**PROBLEM DESCRIPTION**
Reproduce only the lines that begin at the line with "View from above." and run to the end of the entries; omit every picture.

**INPUT MATERIAL**
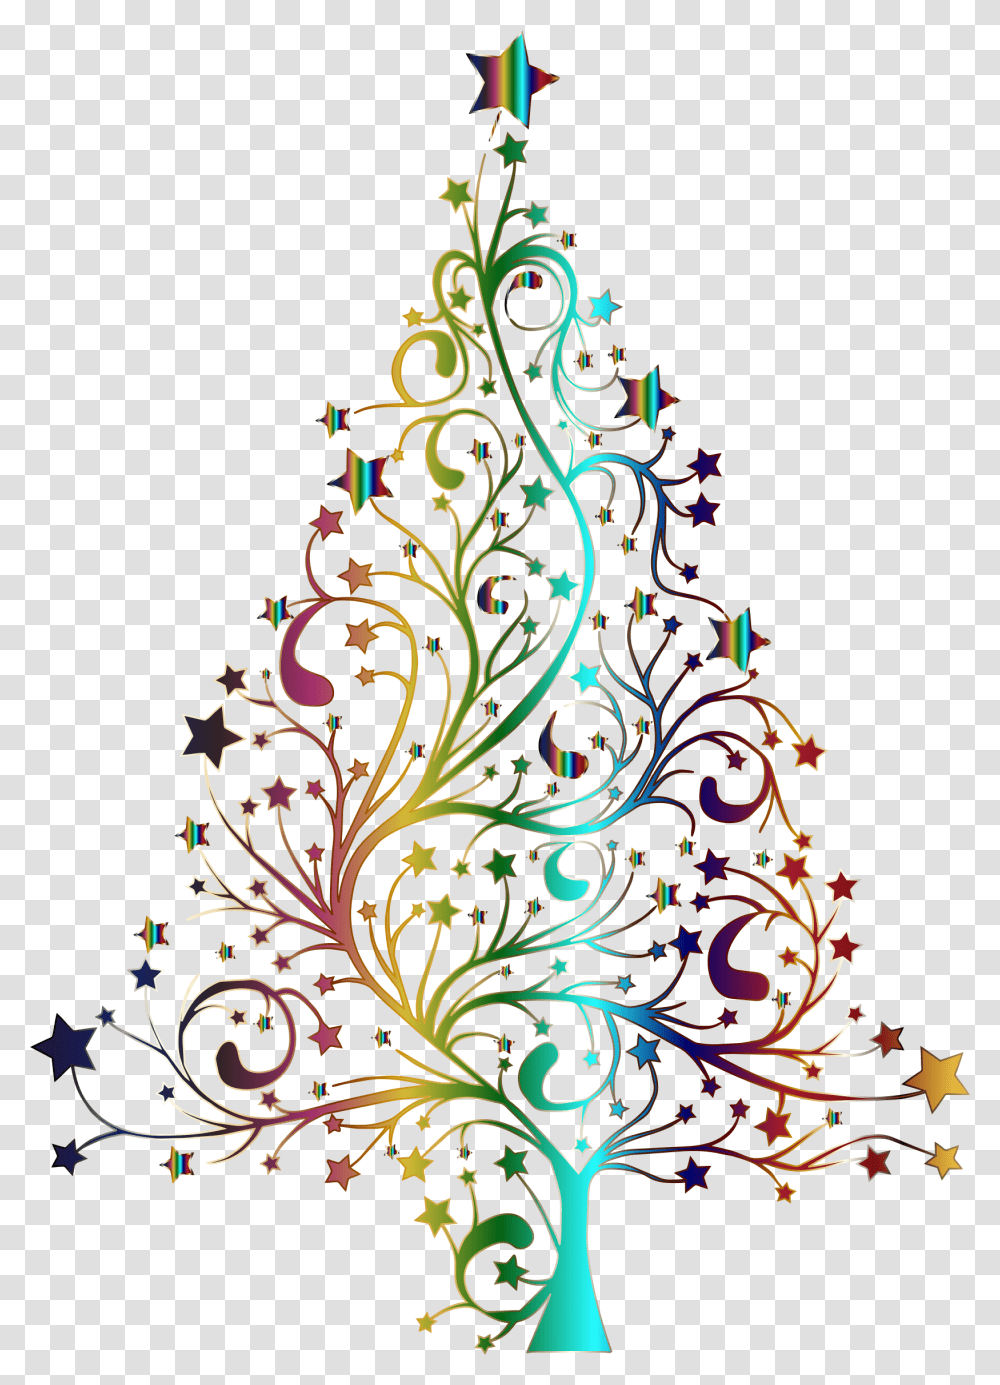 Starry Christmas Tree Prismatic No Background Clip Christmas Images No Background, Floral Design, Pattern Transparent Png
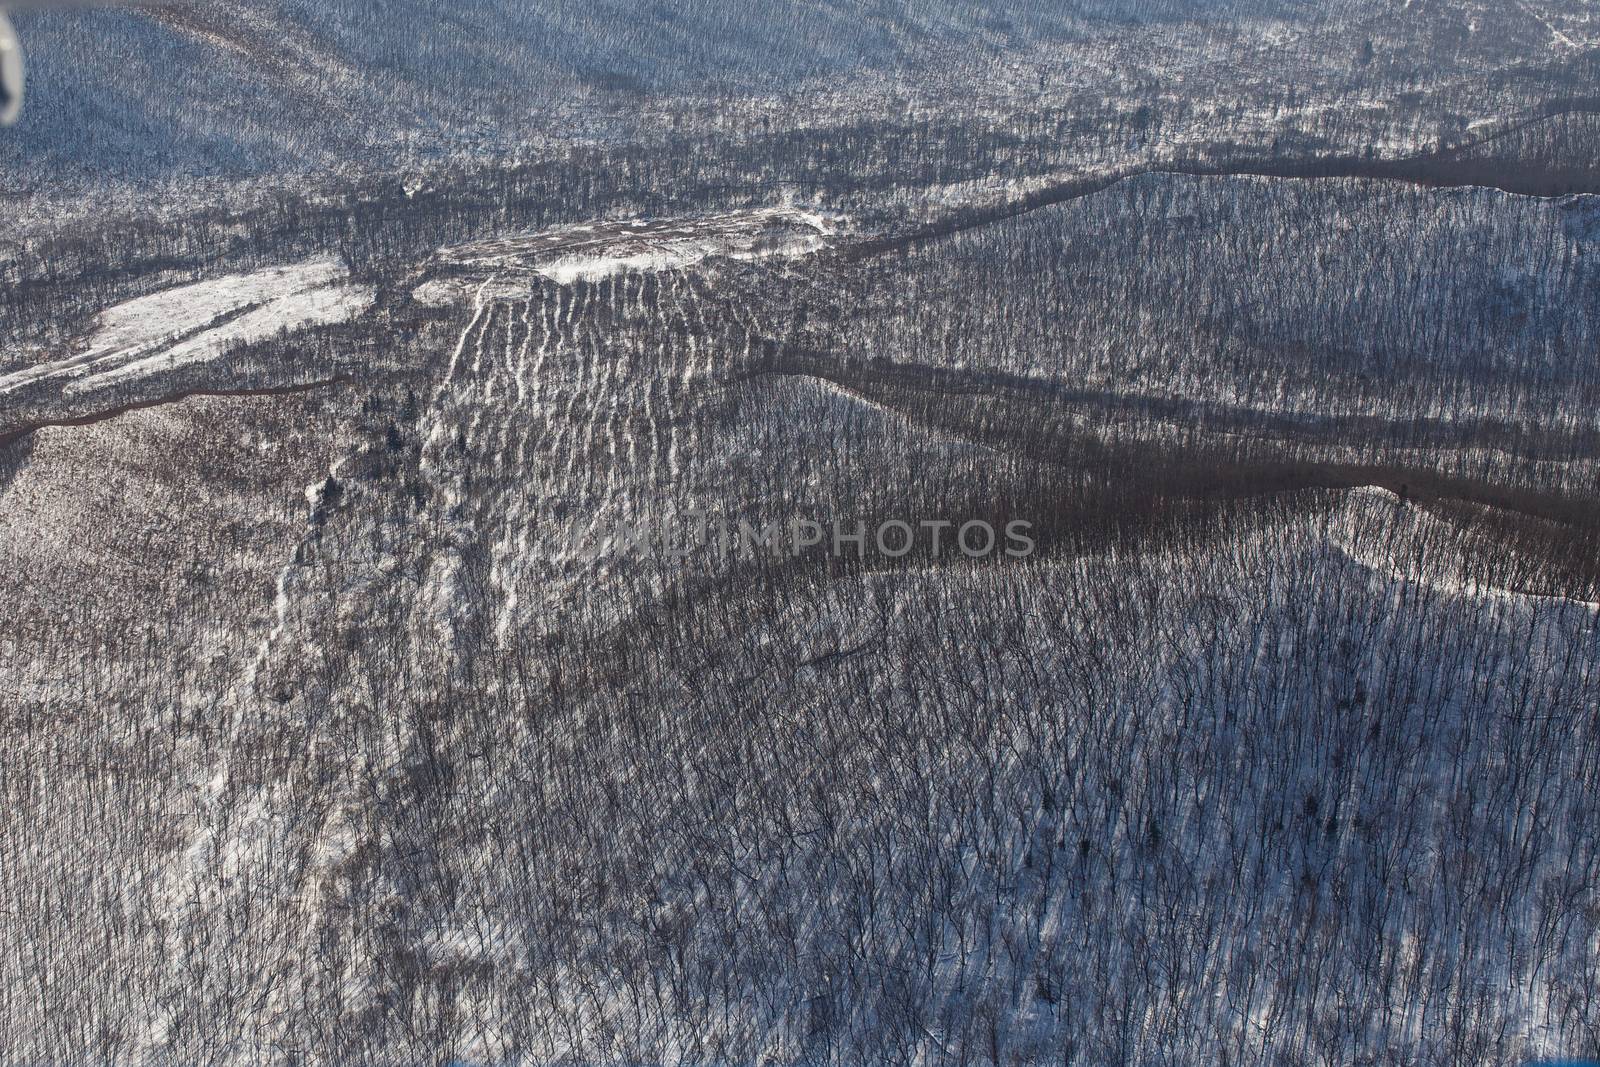 View from above. Winter coniferous forest, captured from a helicopter by PrimDiscovery
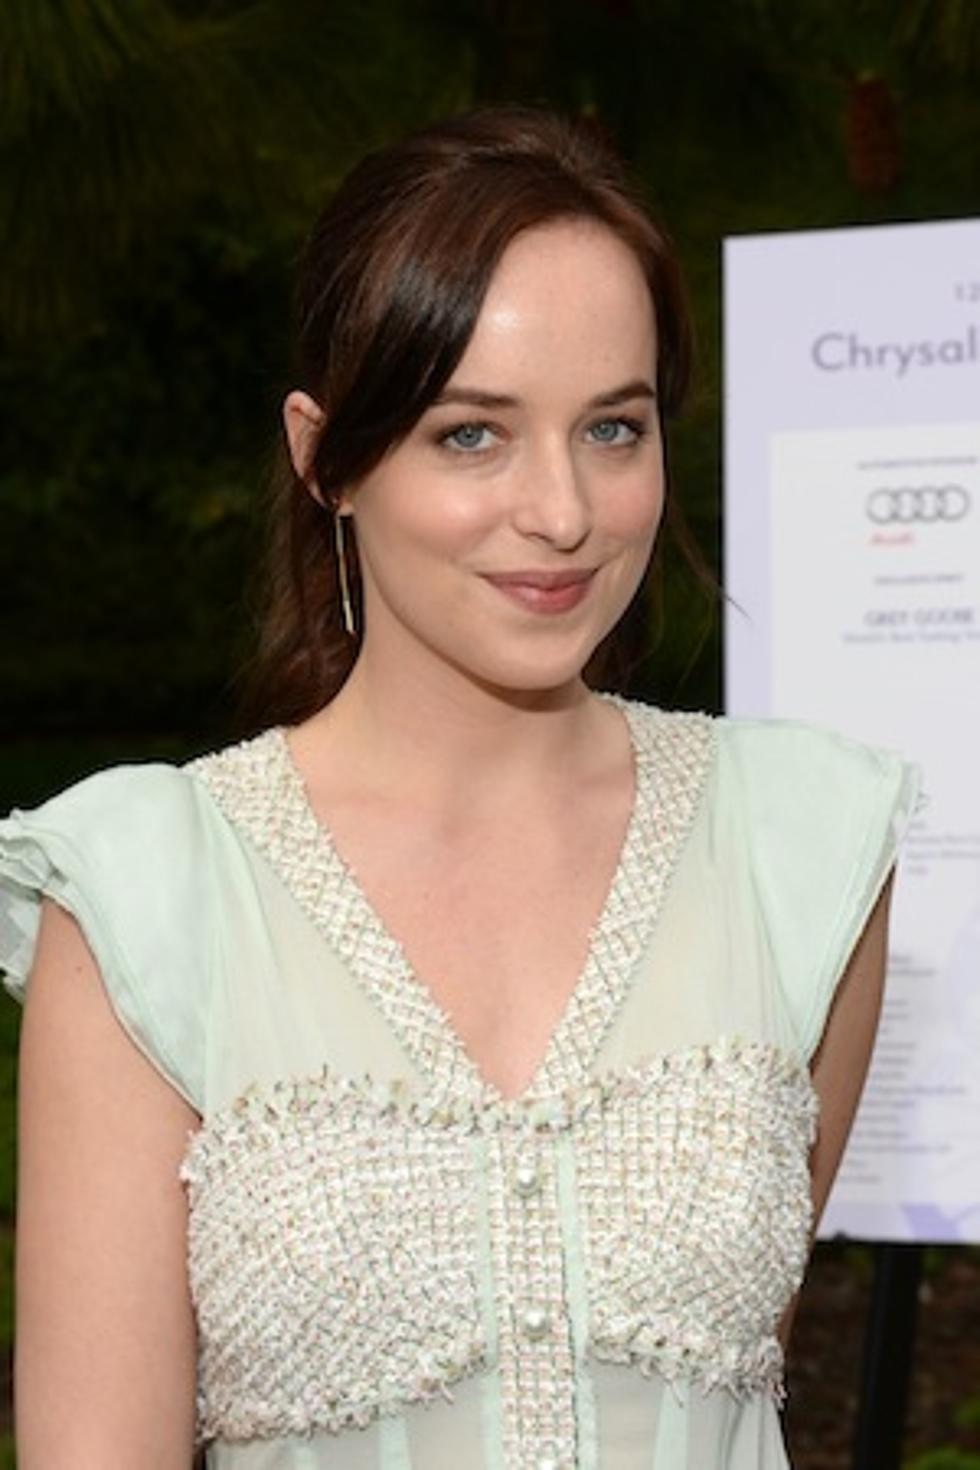 Dakota Johnson is a Celeb Crush Who is Probably In Hiding This Week
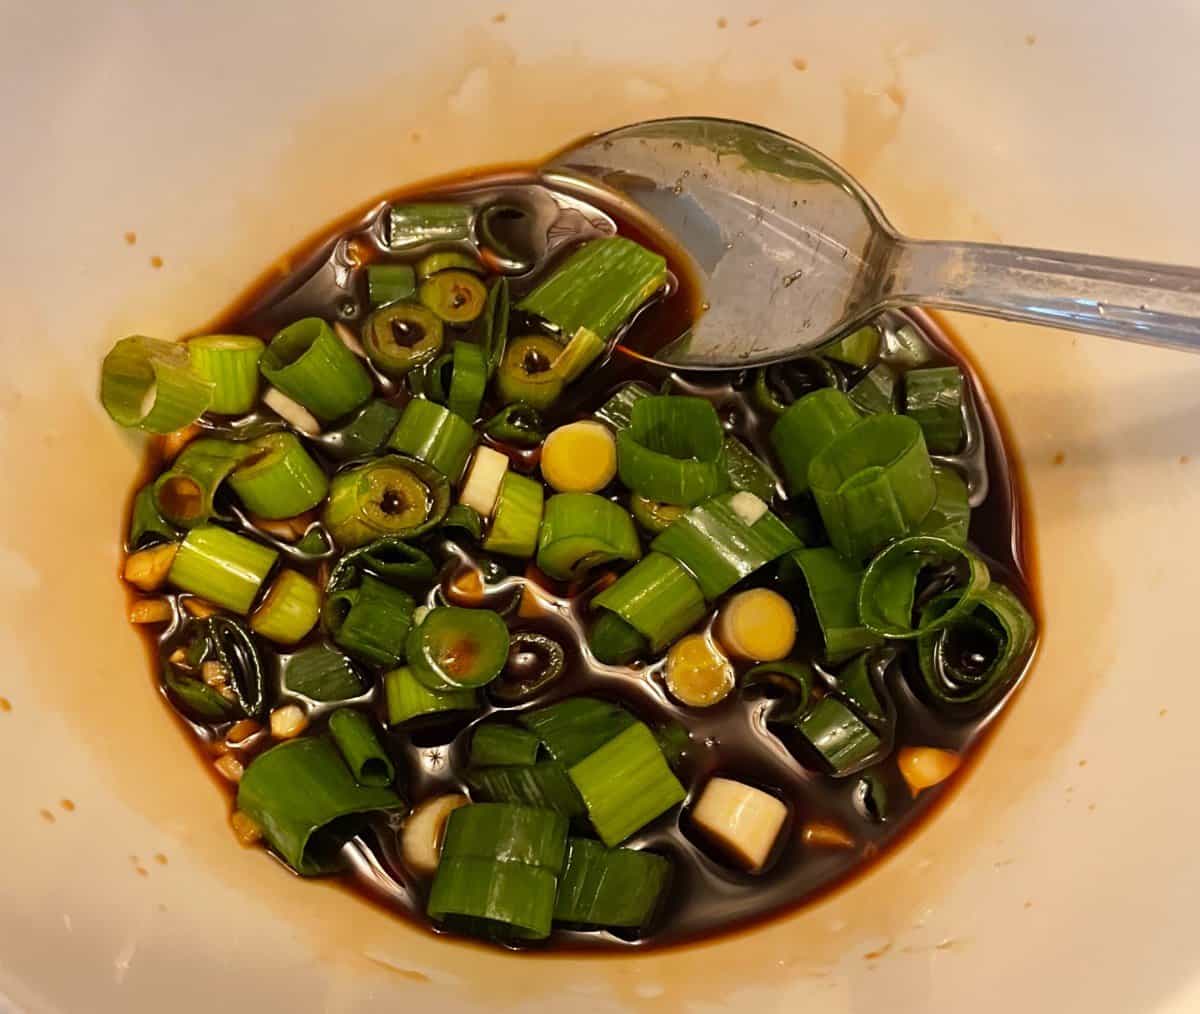 Stir fry sauce made with diced green onions in a small bowl.
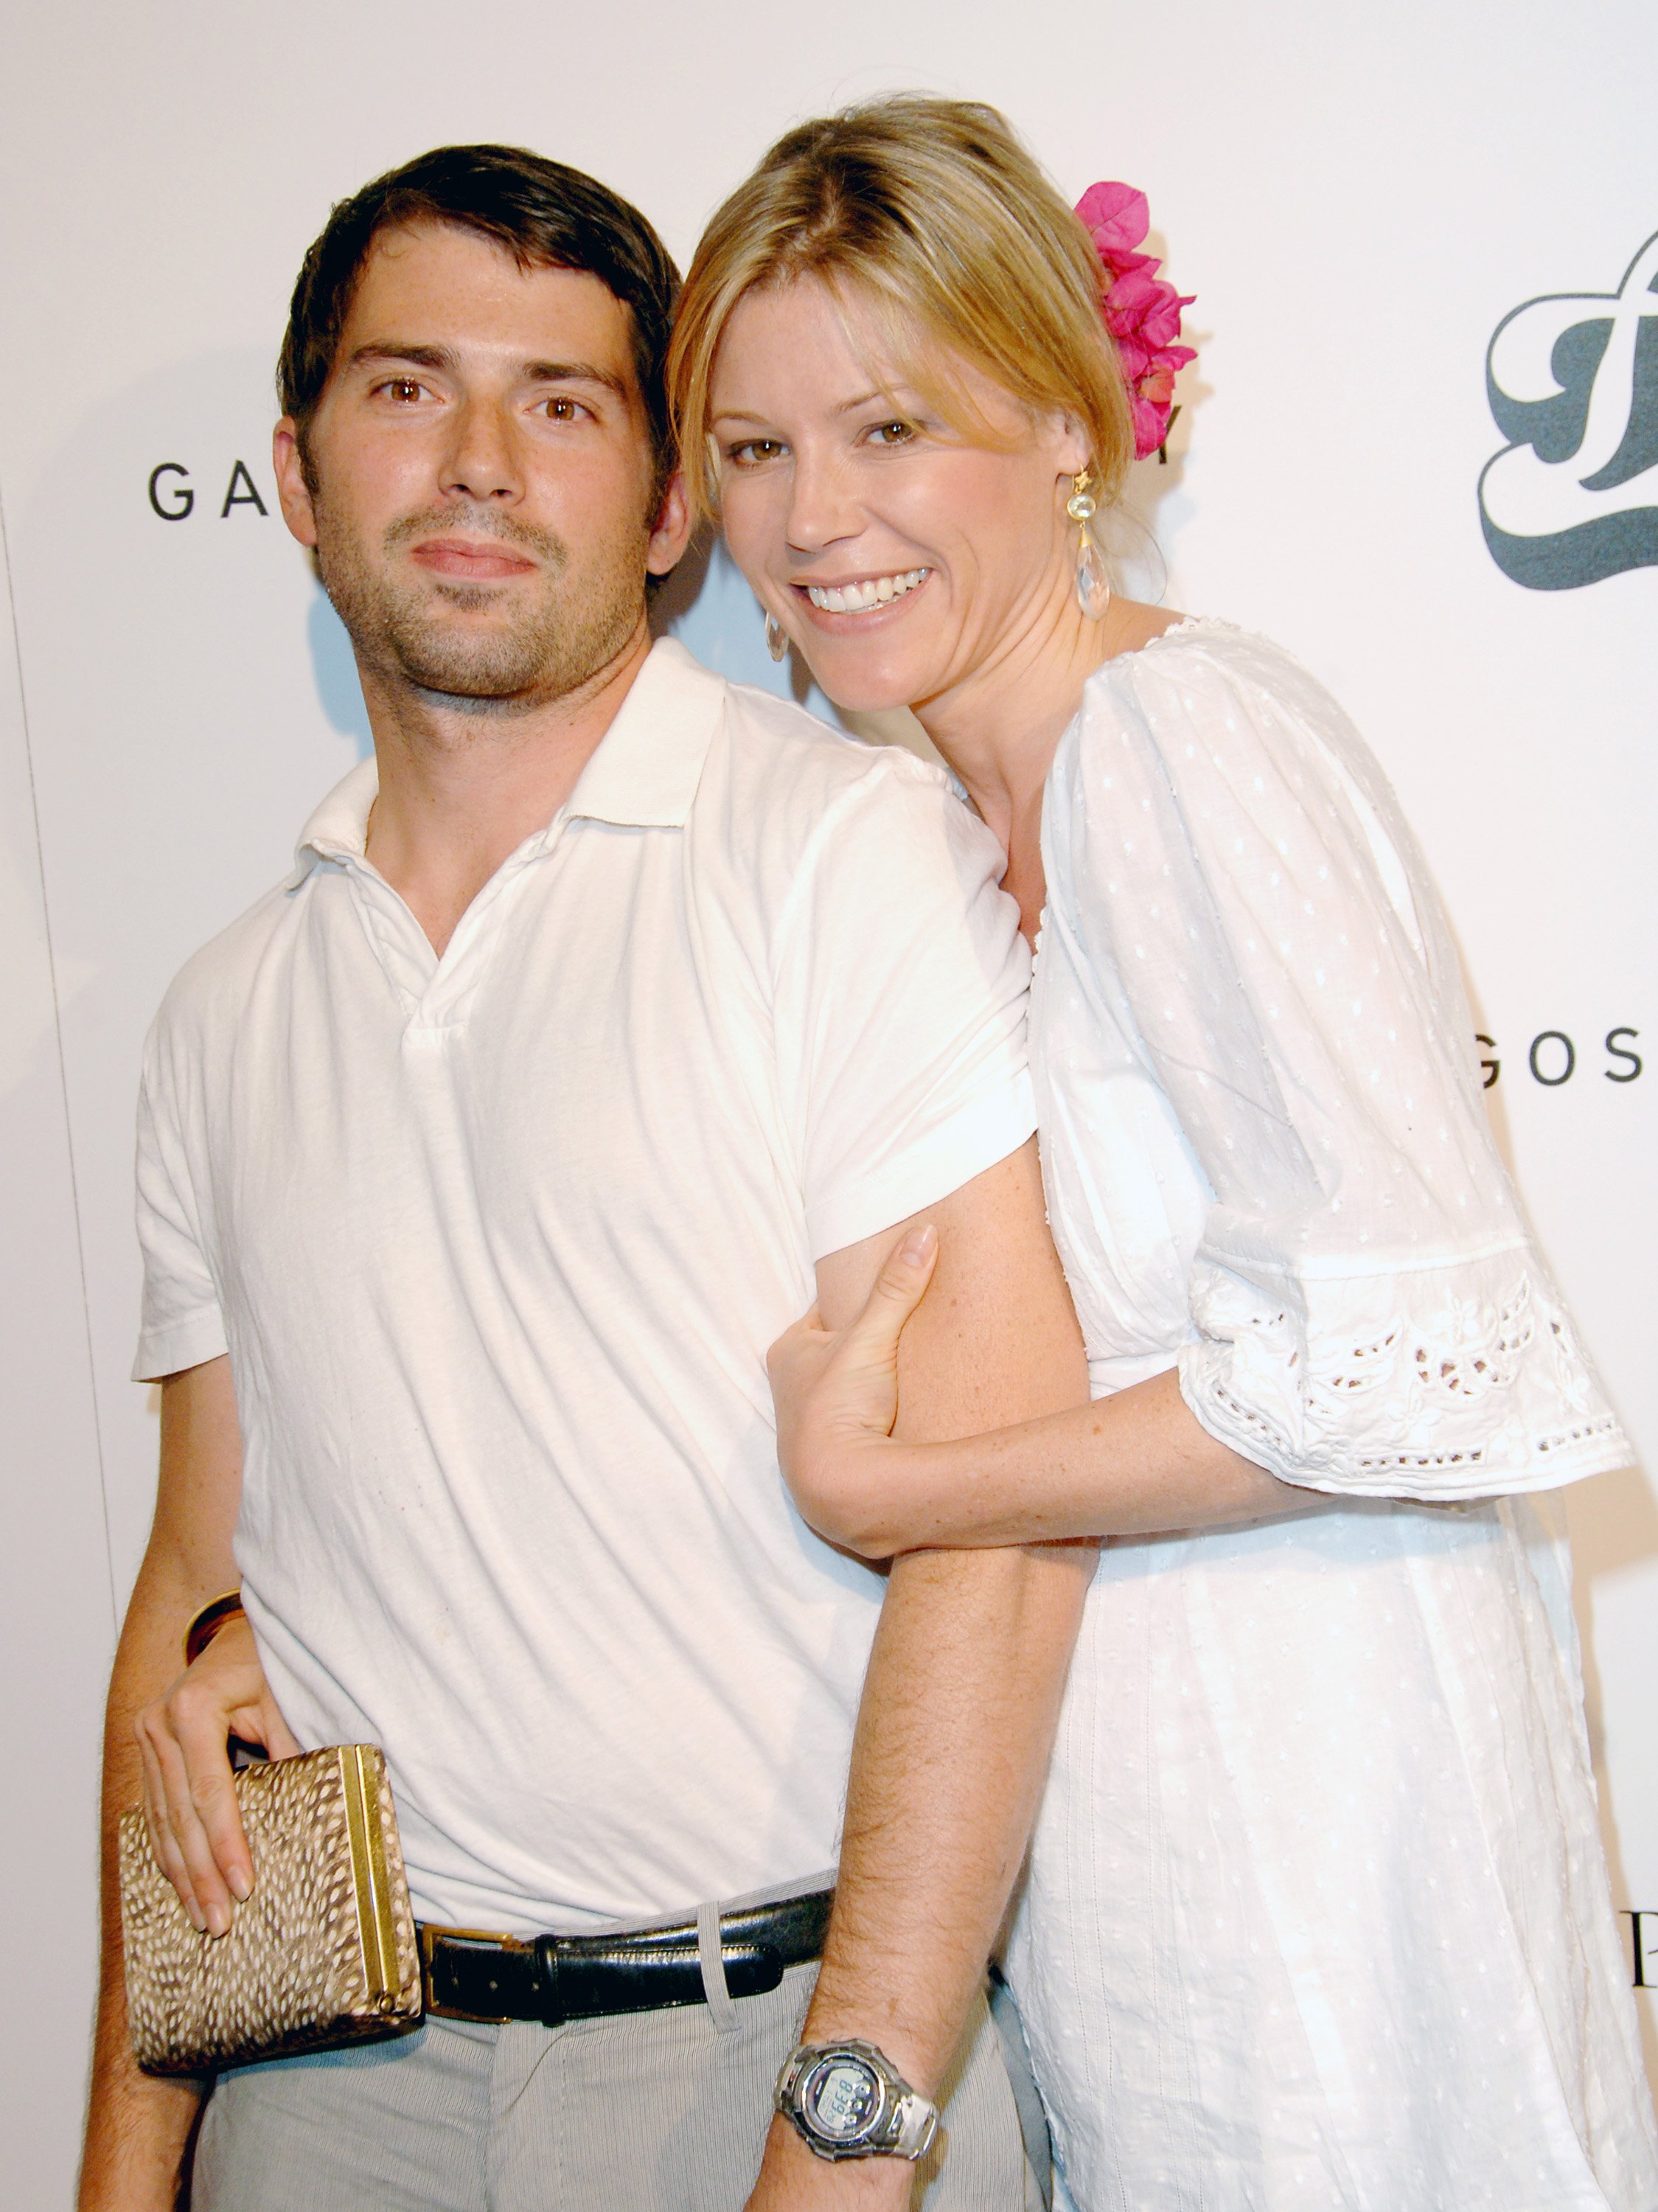 Julie Bowen and husband Scott Phillips during Hollywood and Fashion Unite for The Inaugural "Kid Art Event: A Benefit for P.S. Arts" - June 1, 2006 | Photo: Getty Images

**SOLUTION FOR THIS PROBLEM**
 View from above. Winter coniferous forest, captured from a helicopter by PrimDiscovery
 Dakota Johnson is a Celeb Crush Who is Probably In Hiding This Week
 Stir fry sauce made with diced green onions in a small bowl.
 Julie Bowen and husband Scott Phillips during Hollywood and Fashion Unite for The Inaugural "Kid Art Event: A Benefit for P.S. Arts" - June 1, 2006 | Photo: Getty Images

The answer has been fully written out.